This is a closed breathing system

used on most modern anaesthetic machines to reduce flow rates and minimise pollution

it has a number of key components:
1. patient expires through 1 wave expiratory valve
2. gas flows down expiratory limb
3. APL valve positioned to vent excess gas
4. reservoir bag, ventilator are next
5. soda lime removes CO2
6. FGF added
7. down inspiratory limb via 1 way valve

since CO2 is being removed, the other gases and humidifed air can be recycled. this means low FGF can be used, and less waste

theoretically at equilibrium could have only O2 being added as anaesthetic gases have equilibrated to brain. however since a small % is metabolised, always will need to add some.

Question 32

what are the key components in a circle breathing system to prevent re-breathing?

Answer 32

CO2 canister
one way valves.

Question 33

advantages and disadvantages of circle breathing system?

Answer 33

pros
* less waste - less pollution, less cost to hospital
* recycles humidified and warm gases so less work
* can be used for adults and paeds, SV and CV

cons
* bulky and less portable.
* resistance is high - increases work of SV
* complex and at risk of breaking parts
* valves could become stuck
* risks of soda lime - compound A, CO, soda lime dust can cause pneumonitis, risk of exhaustion and rebreathing.
* risk of hypoxic mixture, if care is not taken to measure EtO2 - need to ensure FiO2 is adequate enough

Question 34

what is the purpose of the self inflating bag and APL valve in the circle system?

Answer 34

APL valve = protects from barotrauma. important to place before CO2 canister and FGF so that only waste gases are being vented , not useful ones

self inflating bag - visualisation, prevents negative and positive excessive pressures. reservoir such that FGF can be kept to a minimum.

Question 35

can you tell me about the one way valves used in a circle breathing system?

Answer 35

held within transparent dome so can see them working
prevent re-breathing

if they break
- fixed close - increased resistance to breathing
- fixed open - rebreathing

Question 36

where might the vapouriser be within a breathing system?

Answer 36

inside or outside the circuit
outside circuit - less work of breathing, can deliver high conc more accurately as not relying on patients breathing effort.

however in circuit is good when there is limited FGF supply e.g. remote areas.

inside - oxford minature
outside - plenum

Question 37

can you tell me about low flow anaesthesia. is it possible to always use low flow?

Answer 37

the circle breathing system permits low flow anaesthesia due to the recycling of gases. the idea is to reduce waste and environmental pollution.

however this is only possible during maintainace.

At the start of anaesthesia - high flows are required to build up the concentration of anaesthetic gas in the patient.
also during the operation if there is a sudden need to make a patient deeper e.g. increased surgical stimulus, flows will need to be increased.

once equilibrium is reached, flows can be turned down to as low as 0.5l/min

Question 38

tell me about soda lime?

Answer 38

soda lime is used in circle breathing systems to reabsorb CO2 to prevent rebreathing. this is a key component of the circle system and allows very low FGF rates to be used.

it consists of 75% CaOH2, NaOH as a catalyst, water, which are all held in binding agents- silica. this creates granules of 4-8 mesh.

It removes CO2 via the following EXOTHERMIC reaction
CO2 + H20 –> H2CO3
H2CO3 + 2NaOH –> Na2CO3 + 2H20
Na2CO3 + CaOH2 –> CaCO3 + 2NaOH

this reaction occurs such that 1kg of sodalime can consume 250L of CO2. 1 canister usualy 2Kg.

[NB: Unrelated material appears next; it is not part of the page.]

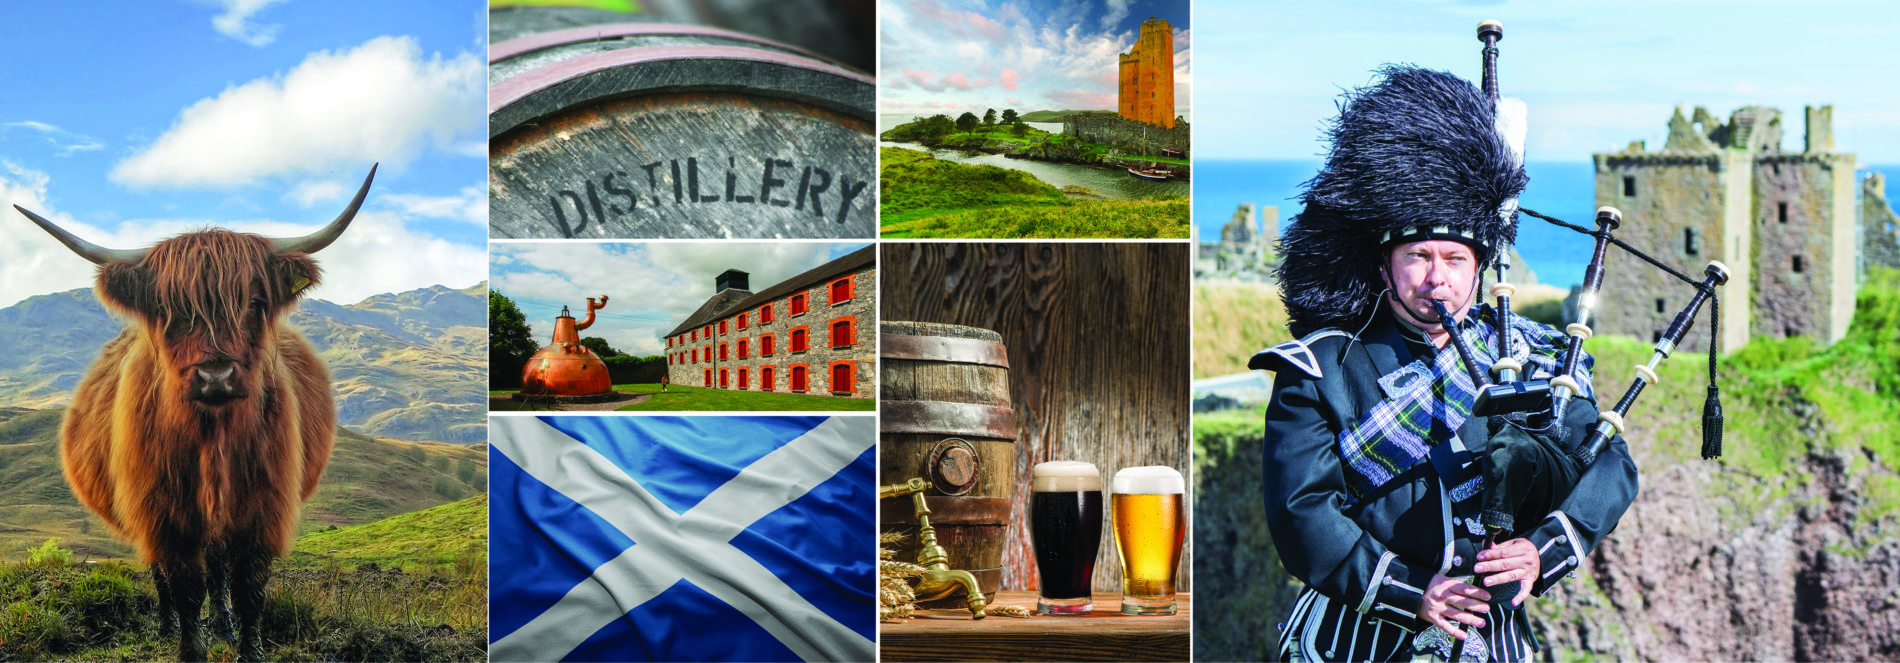 HopScotch - Beer and Whisky Tour of Scotland

A dye is added to show a colour change when the CaOH is exhausted.

Question 39

why are granules of 4-8 mesh chosen for CO2 canisters?

Answer 39

small enough to increase S.A
but not too small to increase work of breahting/ resistance.

Question 40

what indicator dyes are used in CO2 absorbers?

Answer 40

ethyl violet = white to purple
titan yellow = purple to yellow
phenolphthelian = pink to white.

they work based on pH change as CaOH is used up hence becomes more acidic.

Question 41

what are the alternatives to soda lime?

Answer 41

baralyme = barium hydroxide used instead of NaOH (no longer used - less efficient and more compound A)

amsorb - CaOH and CaCl. more expensive but similar effiency without CO or compound A production.

Question 42

what are the pros and cons of using soda lime in a breathing system?

Answer 42

pros - allows low flow closed system, reduced pollution and more cost effective. heat and water produced as part of reaction so helps with heat and moisuture production, reducing work.

cons - compound A, CO, toxic when handling the granules, increases work of breathing.

Question 43

tell me about the toxic products of soda lime

Answer 43

sevoflurane - moist soda lime promotes breakdown of sevo into compound A, B, C,D,E. compound A potentially nephrotoxic although not significant

des> en> iso - Carbon monoxide in dry soda lime conditions.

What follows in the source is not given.